> LISTED ENTRIES
----
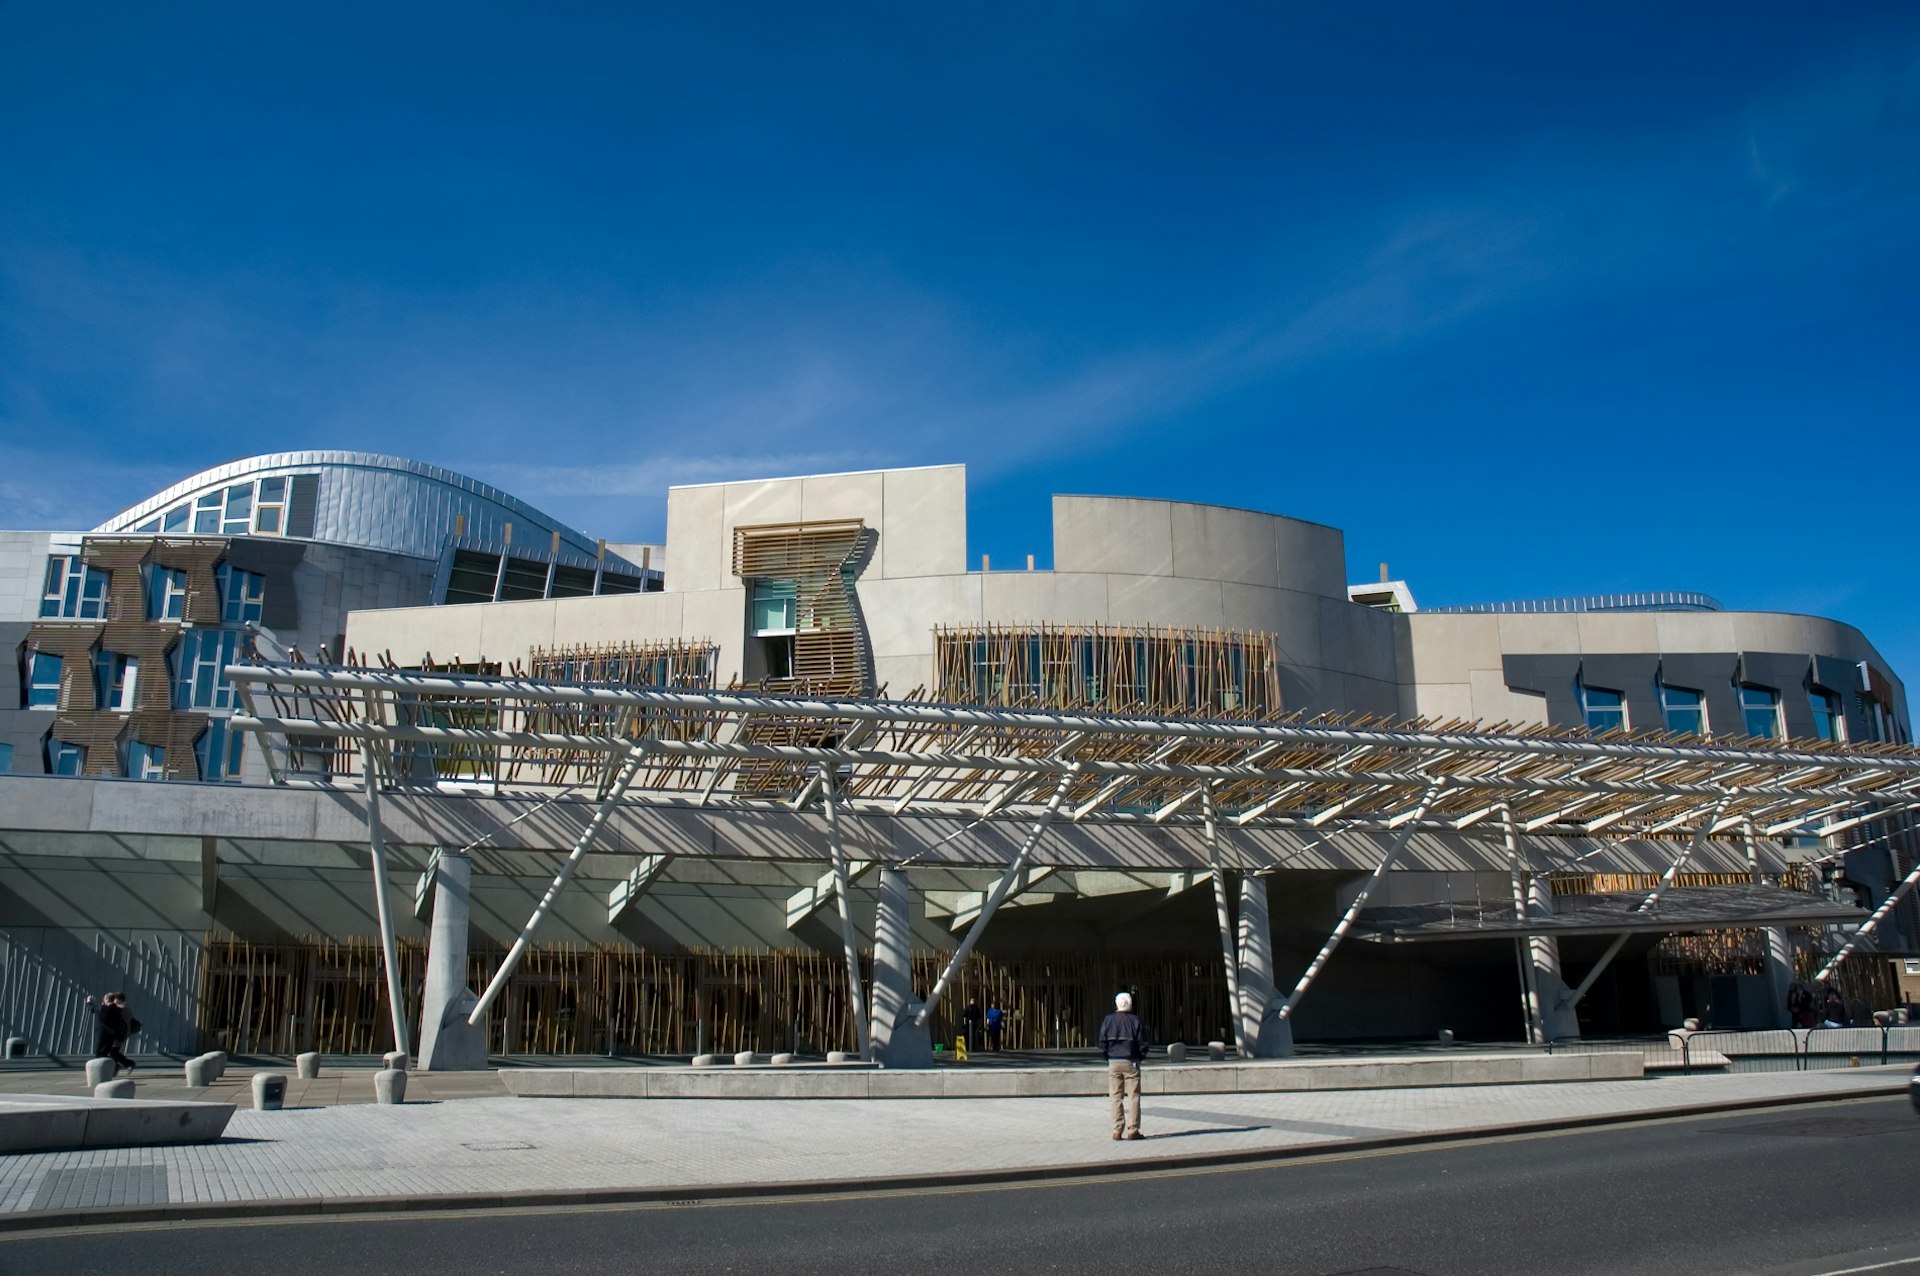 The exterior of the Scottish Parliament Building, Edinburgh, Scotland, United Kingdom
----
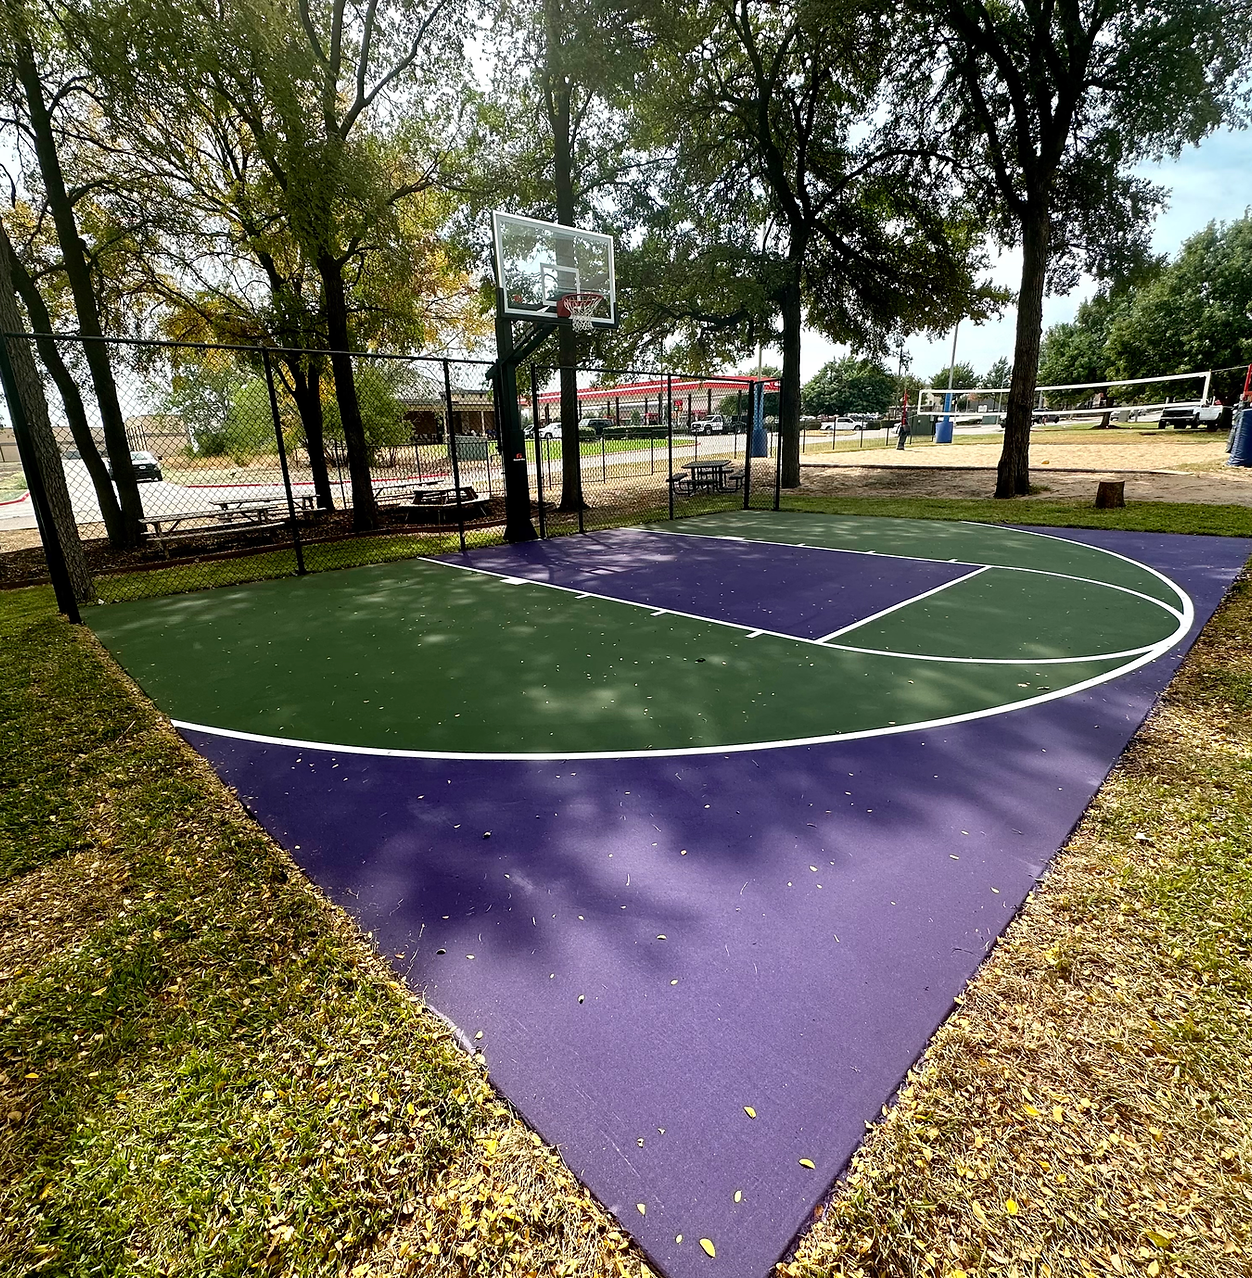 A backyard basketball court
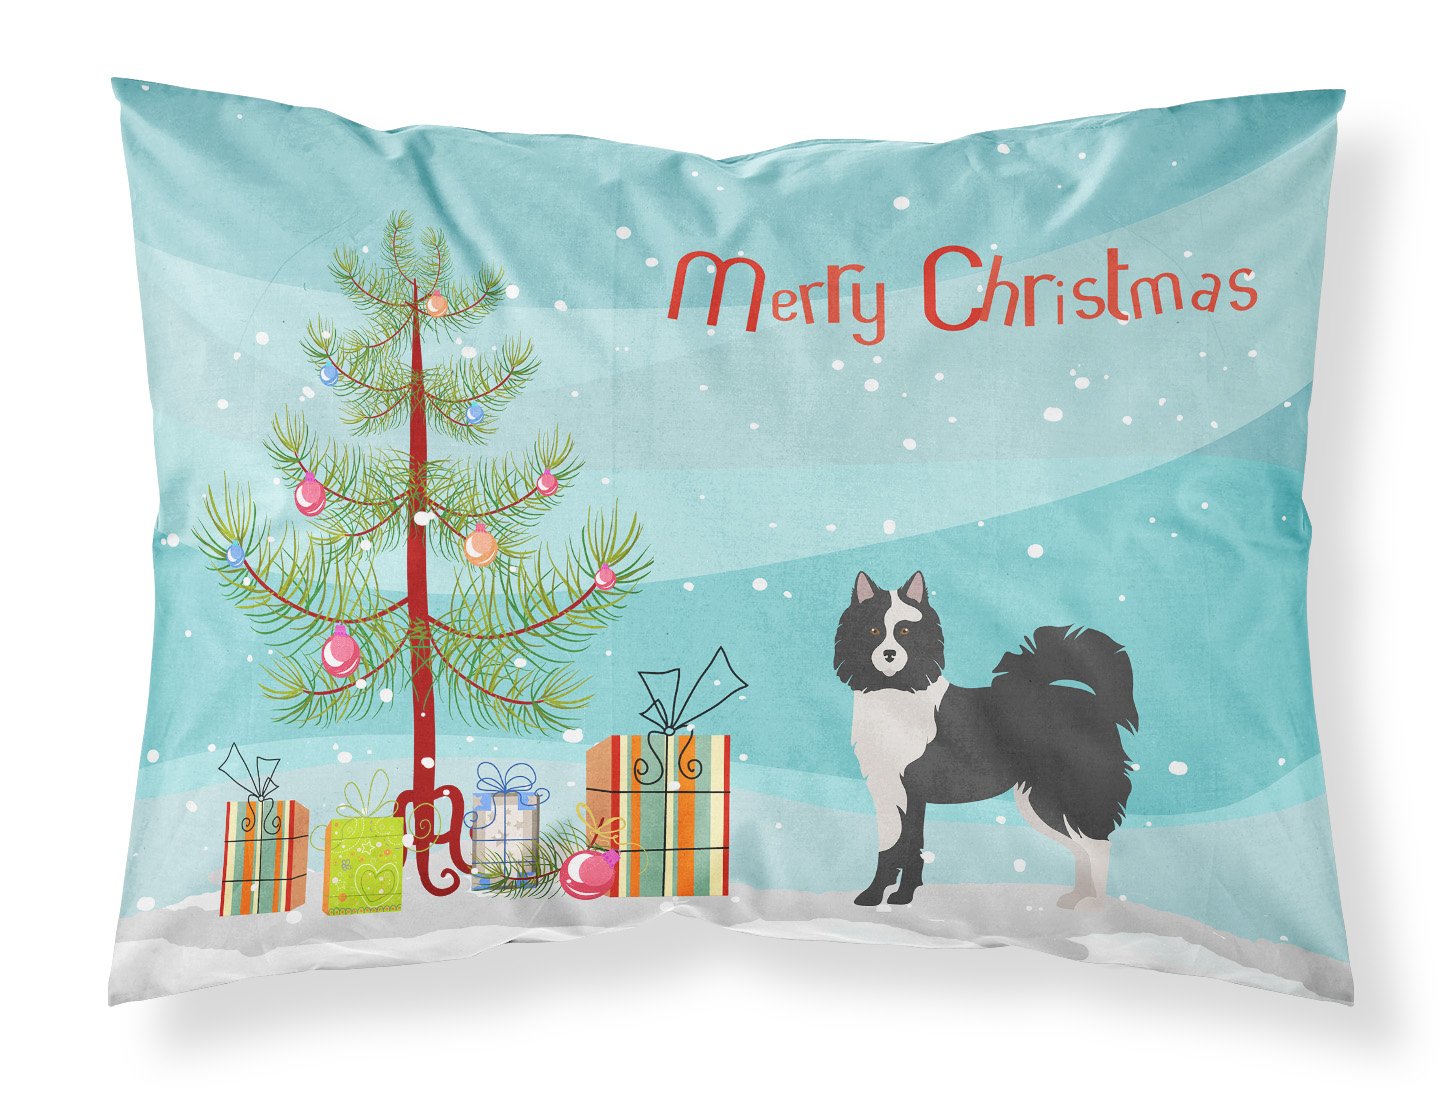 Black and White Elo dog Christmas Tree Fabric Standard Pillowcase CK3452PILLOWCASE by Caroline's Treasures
----
> EXERCISE DIRECTIONS
With the pictures removed from your copy, retype the lines above from the one that contains "A backyard basketball court" through the one that contains "Black and White", exactly.

> EXERCISE RESPONSE
 A backyard basketball court
 Black and White Elo dog Christmas Tree Fabric Standard Pillowcase CK3452PILLOWCASE by Caroline's Treasures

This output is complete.